The method of the present invention can be better understood from FIG. 1. Substrates 5, 6, and 7 to be coated, are caused to rotate constantly during the entire vapor deposition process on a turntable 1, with or without heating, and passed beneath two cathodes 3 and 4. Cathode 3 is equipped with a quantity of, for example, TiC; the other cathode 4 equipped with a quantity of, for example, TiB2. By changing the rate of rotation of the turntable and the sputter energy, the composition and microstructure of the deposited plurality of layers can be influenced directly. Preferably, conditions are selected at which the phase proportions (molar ratios) of TiC and TiB2 are similar to one another and the resulting total thickness of the coating is from 3 to 5 μ. Depending on the intended purpose, the calculated thickness of each individual layer lies between 0.5 and 40 nm. When the thickness of the individual layers is 0.5 nm, the number of layers preferably ranges from 100 to 20,000.

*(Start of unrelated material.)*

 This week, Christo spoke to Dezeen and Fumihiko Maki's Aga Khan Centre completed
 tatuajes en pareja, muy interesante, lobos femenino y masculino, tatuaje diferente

When one cathode is used, the substrates to be coated need not be rotated, but may optionally be moved past the cathode. The single cathode is equipped with quantities of at least two crystalline hard substances, for example TiC and TiB2. Then, a superfinely dispersed mixture of particles is simultaneously deposited as a single layer on the substrates, the particle sizes ranging from 0.5 to 40 nm. For coatings having particle sizes which are smaller than the stated range, x-ray analysis has shown that the individual phases can no longer be separated. Rather, an amorphous, mixed coating is observed by x-ray analysis which is so stable that even the introduction of heat up to 1200° C. does not cause recrystallization.
If a micrograph is made of a break in the surface of a so-called simultaneous coating composed of, for example, TiB2 and TiC, the structure of the coating is uniform and without columnar crystals or inhomogeneities. Its good adhesion can be seen from the micrograph. This good adhesion is also documented by a comparison of the results obtained with the aid of a scratch test. This relative adhesion test proves impressively the reduction of tension in the finely dispersed TiC and TiB2 coating compared to single layers of TiC and TiB2 taken alone. Hardness impressions in a TiC coating on the one hand and a superfinely dispersed TiC and TiB2 coating on the other hand evidence the improved toughness of coatings according to the present invention. Further, due to the observable adaptability of this relatively tough coating, substances having very different coefficients of expansion can be selected as substrates.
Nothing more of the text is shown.